A US-based AI startup is making bold claims against NVIDIA's most advanced hardware. Tensordyne has announced the successful tape-out of its Napier chip, a 3nm AI accelerator built on TSMC's process in collaboration with Broadcom and HPE's Juniper Networks. The company is already reporting over $200 million in projected system demand.
The Napier chip packs 138 billion transistors, 2.1 petaflops of Dense FP8 compute, 144GB of HBM3E memory, 256MB of SRAM, and runs at 300W TDP. The architectural hook is a proprietary logarithmic mathematics method that replaces numerous multiplication operations with simpler addition-based computation. Because adders are smaller and more power-efficient than multipliers, Tensordyne claims this frees up significantly more silicon area for SRAM, which it says gives Napier five times as much on-chip SRAM as NVIDIA's Blackwell.
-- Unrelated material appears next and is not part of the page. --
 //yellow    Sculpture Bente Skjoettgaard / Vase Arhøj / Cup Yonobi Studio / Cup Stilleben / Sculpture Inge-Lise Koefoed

The full rack configuration, called the TDN72, houses 288 Napier chips across four pods of 72 chips each. The complete rack delivers 608 petaflops of FP8 compute, 42TB of HBM3E memory, and operates within a 120kW power envelope, all while being fully air-cooled.
- Read more: NVIDIA GB300 'Blackwell Ultra' AI GPU: 288GB HBM3E, 1.4kW power, 50% faster than GB200
- Read more: Microsoft's Maia 200 AI accelerator has 216GB of memory, outperforms Amazon and Google chips
- Read more: Microsoft Azure upgraded to NVIDIA GB300 'Blackwell Ultra' with 4600 GPUs connected together
Tensordyne claims the TDN72 provides 13x more tokens per second and 17x more tokens per watt than NVIDIA's Blackwell NVL72, and says a single rack can match the throughput of nine NVIDIA Rubin plus Groq LPX racks for multi-trillion parameter models.
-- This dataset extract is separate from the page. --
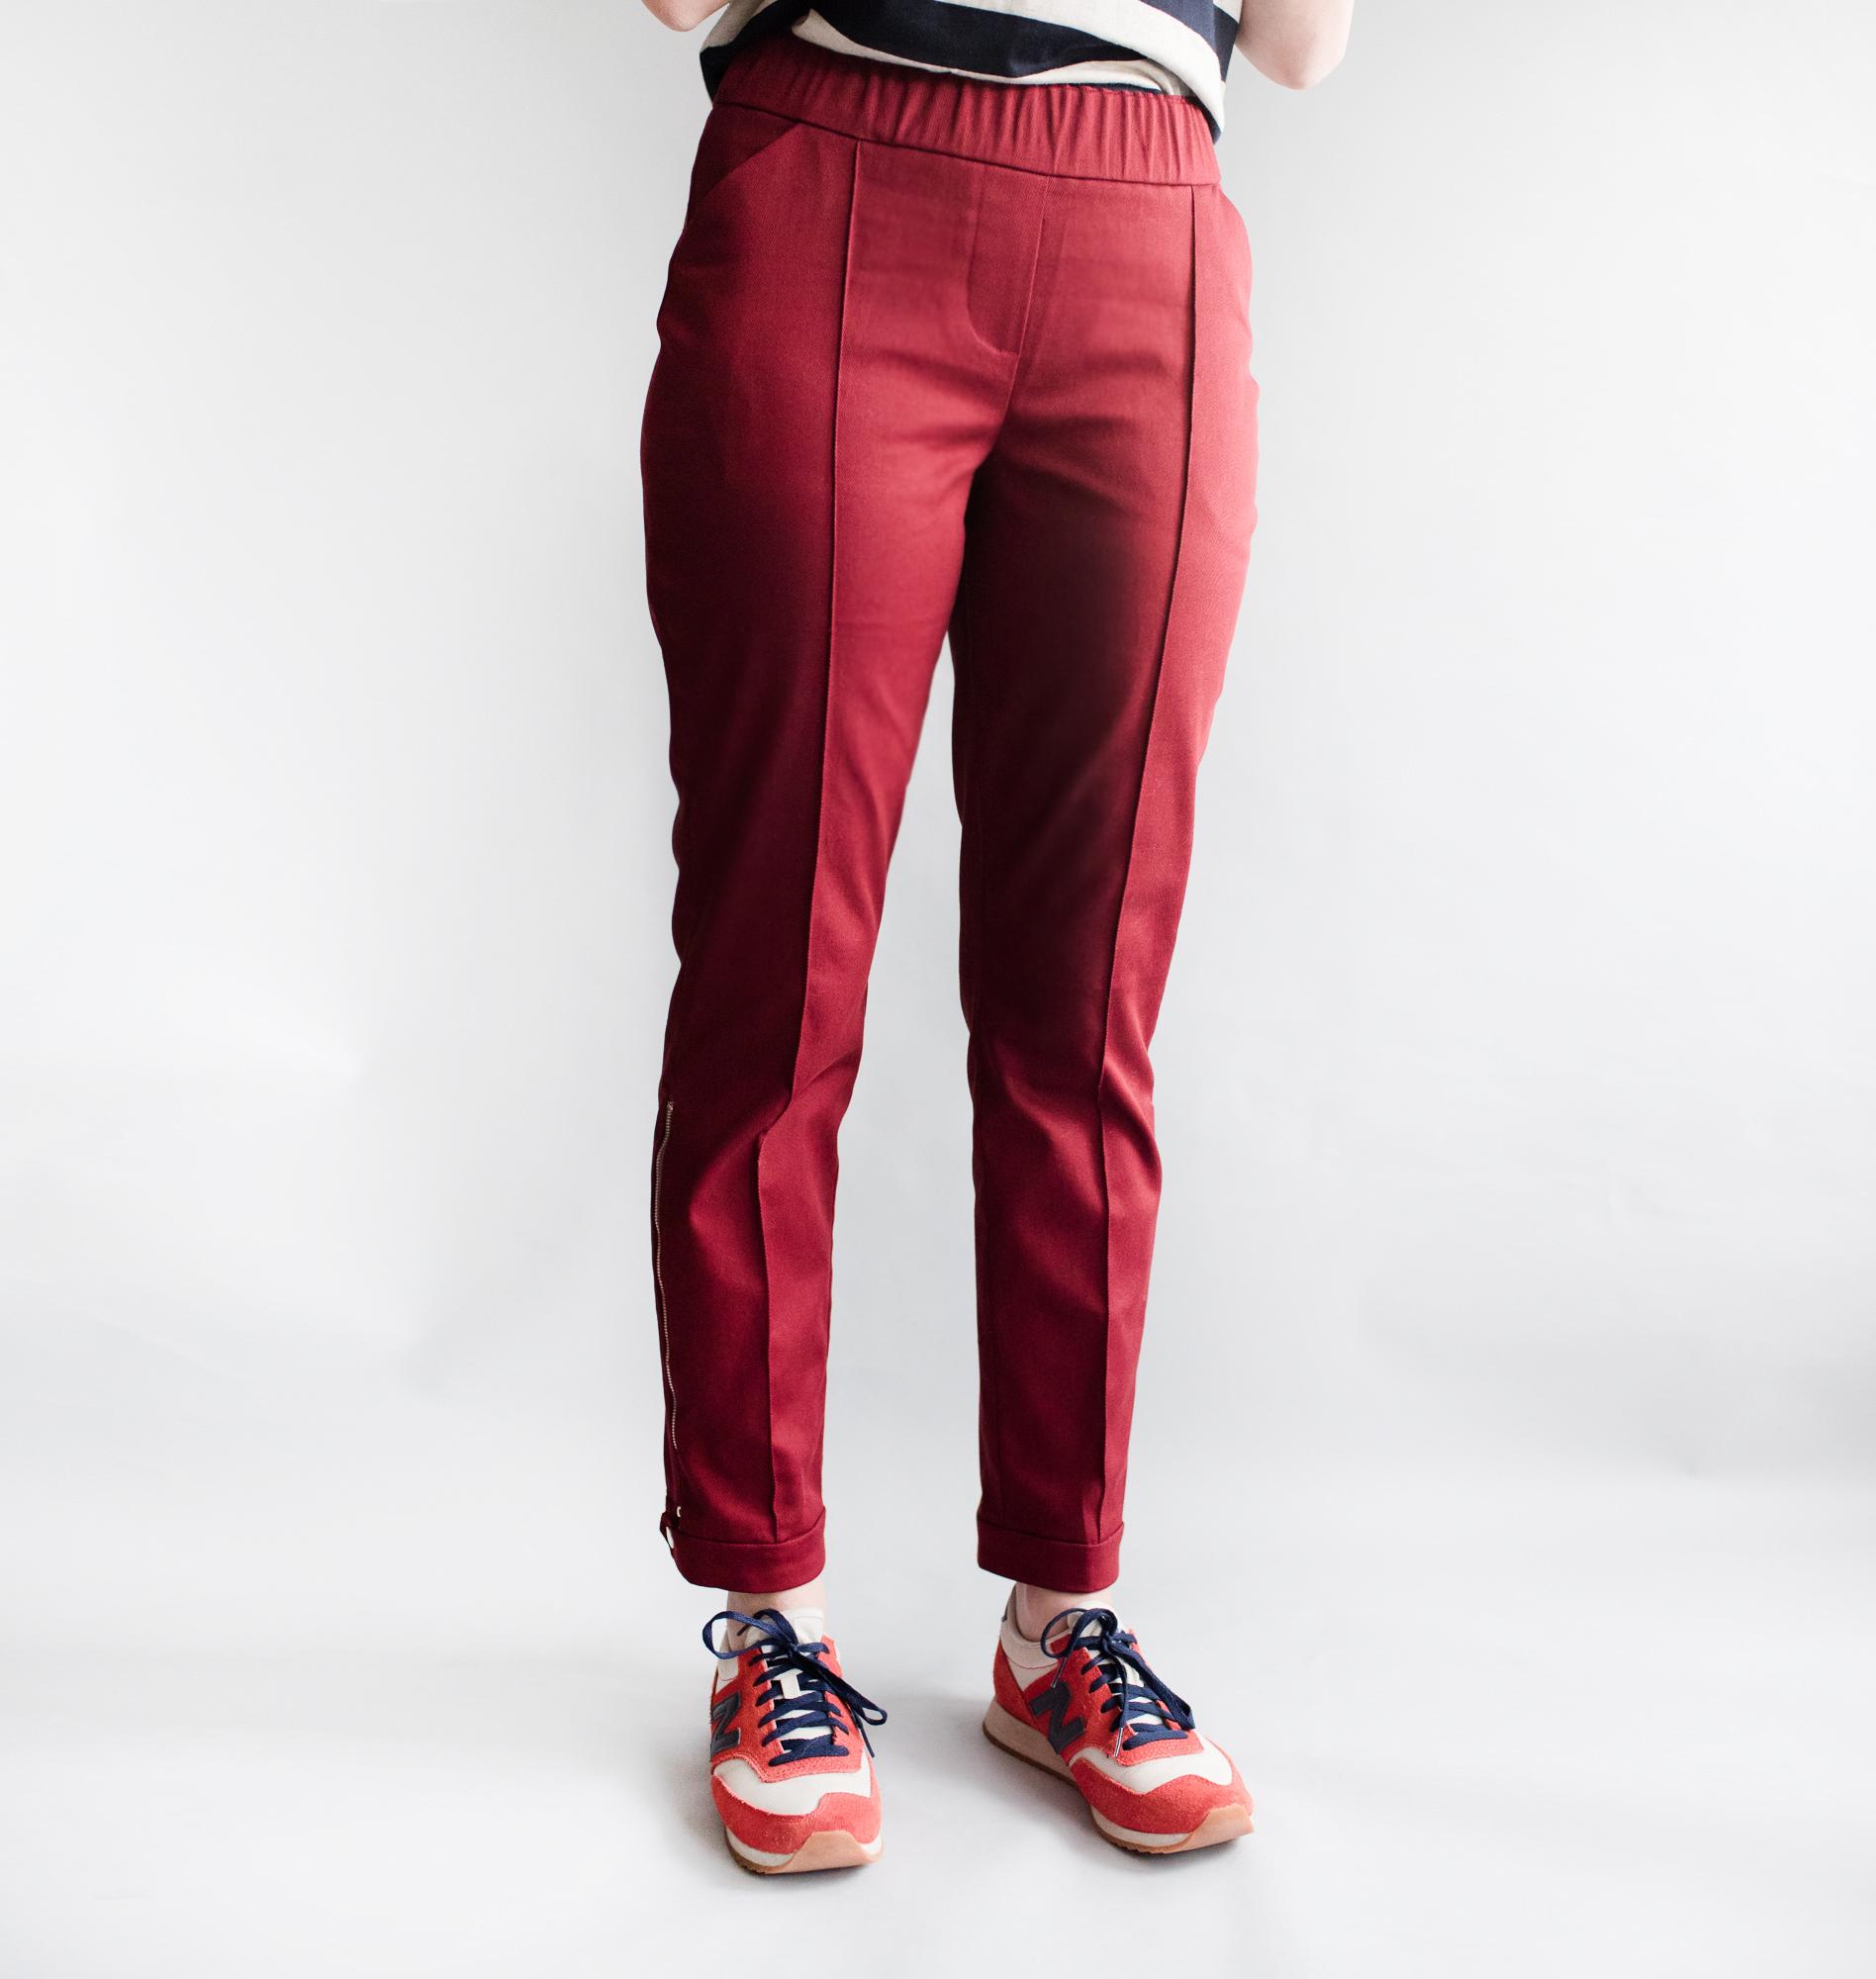 robinson-pdf-sewing-trouser06.jpg

The company also points to a proprietary scale-up interconnect called TDN Link, which it says delivers sub-microsecond chip-to-chip latency with 1TB/s of bandwidth across the 72-chip system, targeting mixture-of-experts and agentic AI workloads where interconnect performance matters as much as raw compute.

Those are impressive numbers, but they come with the standard caveats that apply to any pre-launch AI accelerator. Tensordyne's beta program is planned for Q1 2027, with broader system shipments expected by the end of Q2 2027. By that point, NVIDIA, AMD, and a growing field of inference-focused silicon startups will have moved on as well.
Tensordyne promises compatibility with Hugging Face-hosted models and PyTorch, and with Triton, and provides a custom Python SDK. If Tensordyne's technology works and can be delivered in 2027, Napier could be a notable alternative for inference infrastructure.